To pass the time while waiting for the Indians to lose, the Twins held a clubhouse meeting to present Baldelli with a birthday cake — which they promptly shoved into his face.
"This is my best birthday," Baldelli said.
It wasn't a bad day for Dobnak, either — though he's got one better coming up. There are plenty of champagne toasts in his immediate future, but he'll be toasted in the Twin Cities, too, for one of the most dominating pitching performances of the Twins' season.
"Never in my wildest dreams would I have thought anything that has happened [to me] already would happen," Dobnak said. "It's been an incredible year for me, for sure.
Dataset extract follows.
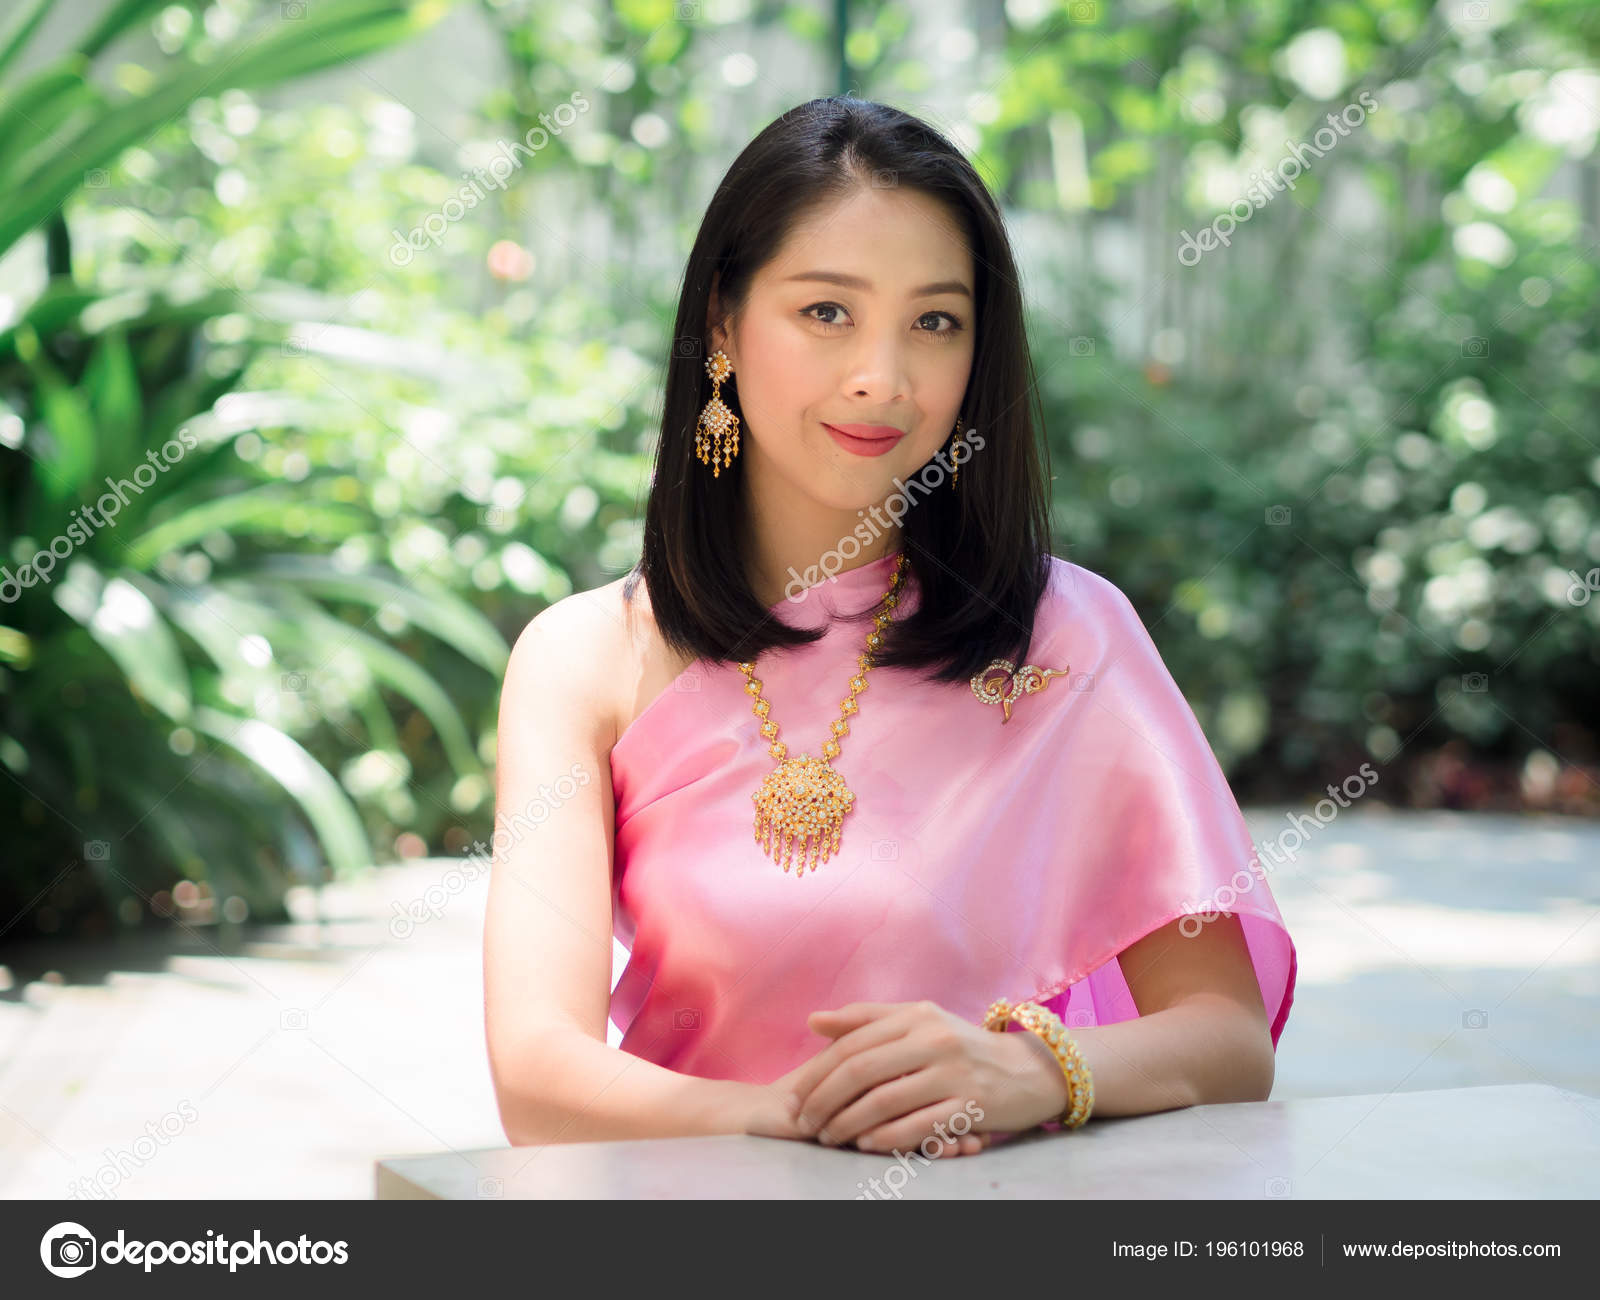 https://st4.depositphotos.com/5192617/19610/i/1600/depositphotos_196101968-stock-photo-beautiful-thai-woman-thai-traditional.jpg
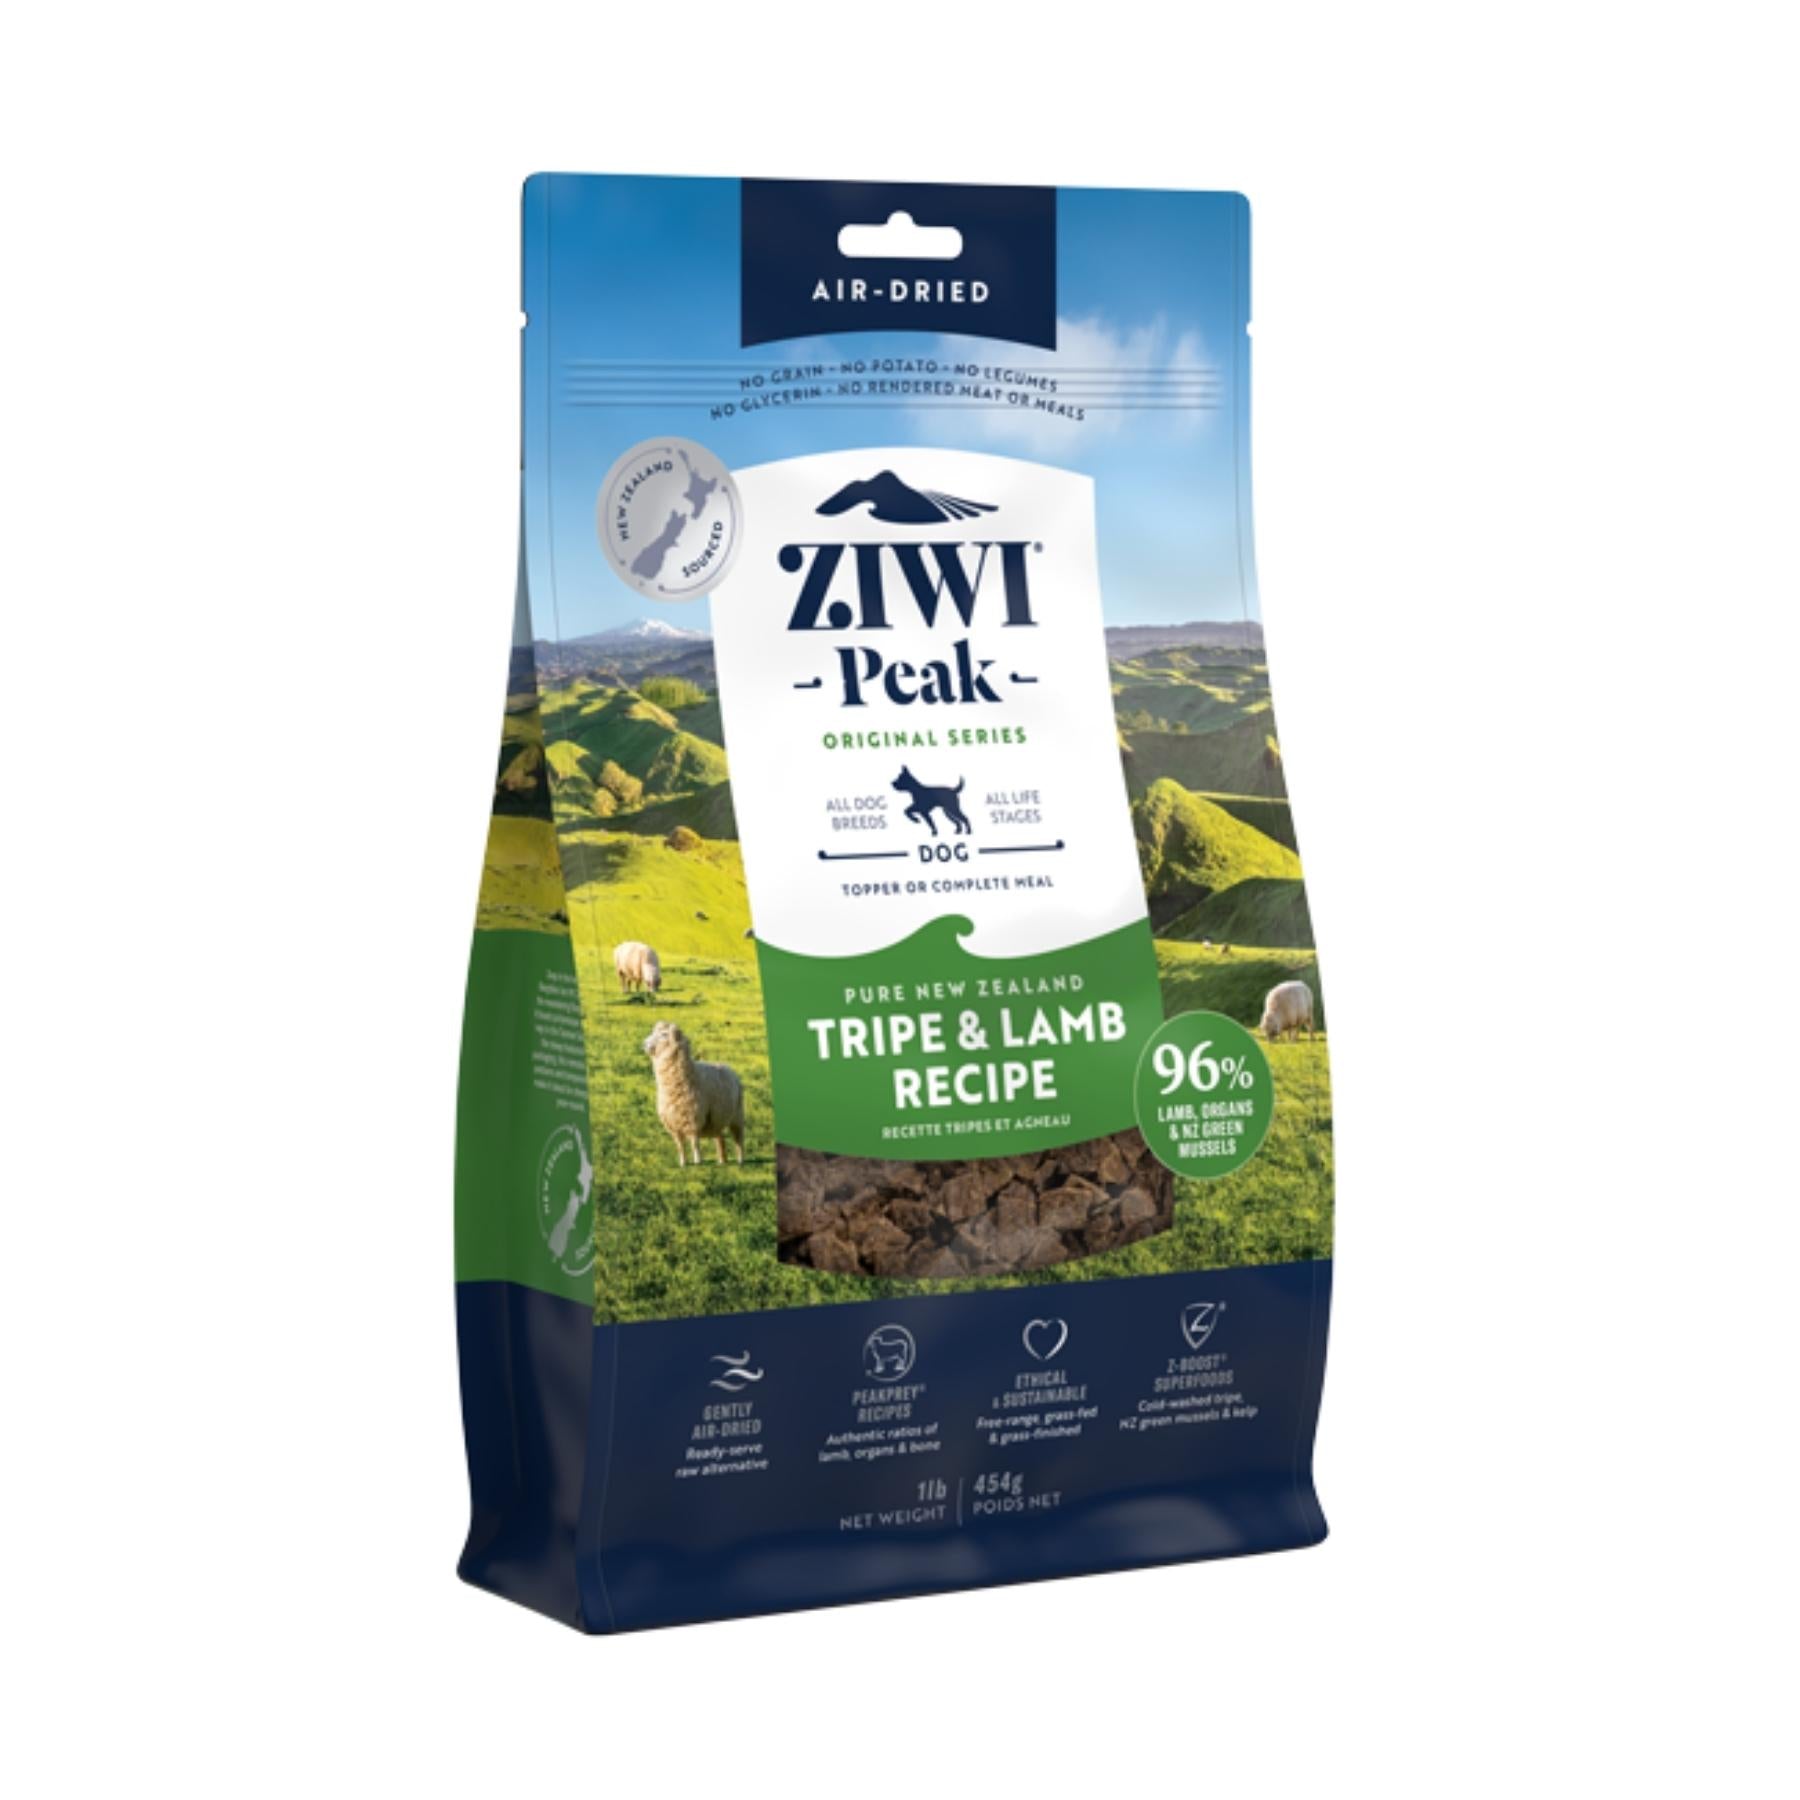 ZIWI Peak Dry Dog Food Tripe & Lamb Recipe 454g.

And the best thing to happen is going to be in two days."
Dobnak, the undrafted rookie who started the season in Class A, allowed only one hit over six innings, a first-inning double to right-center by Jeimer Candelario that scored Miguel Cabrera from first base, but just barely: The former MVP, reduced by weight and bad knees to one of the game's slowest runners, slid home a split-second before Mitch Garver's tag.
If Dobnak was bothered by the sequence, it didn't show, because he proceeded to mow down 16 of the next 17 hitters he faced, the lone blemish once again not his fault: an error by Miguel Sano. Mixing four different pitches brilliantly — Dobnak used all four on a couple of his six strikeouts — Dobnak didn't walk a batter, got 16 swinging strikes, 10 on his curveball, and finished with a flourish, striking out the side in the sixth inning.
"He was awesome," Baldelli said of Dobnak, who has allowed two earned runs in his past three starts, a total of 16⅓ innings. "He is kind of one-upping himself every time he goes out there. He was locked in from the very beginning."
Still, for the second consecutive night, the Twins' offense was quieted by Tigers pitching, at least for six innings. But just as they did Tuesday, the Twins came alive in the seventh. Sano led off with a walk, and Arraez pounded a 1-1 curveball from Drew VerHagen into the right-field seats, his fourth home run of the year.
'"He's done stuff like that for us all year," Baldelli said of the rookie, who uncharacteristically had collected only four hits in his previous five starts. "You don't know exactly what he's going to do, but generally he's going to find the barrel, put a good swing on it and spray it around the field. He sprayed this one into the stands, which was really nice."
Better than that, even.
On a scale of one to 10, Arraez gushed afterward, "this was a 10, obviously. And probably more."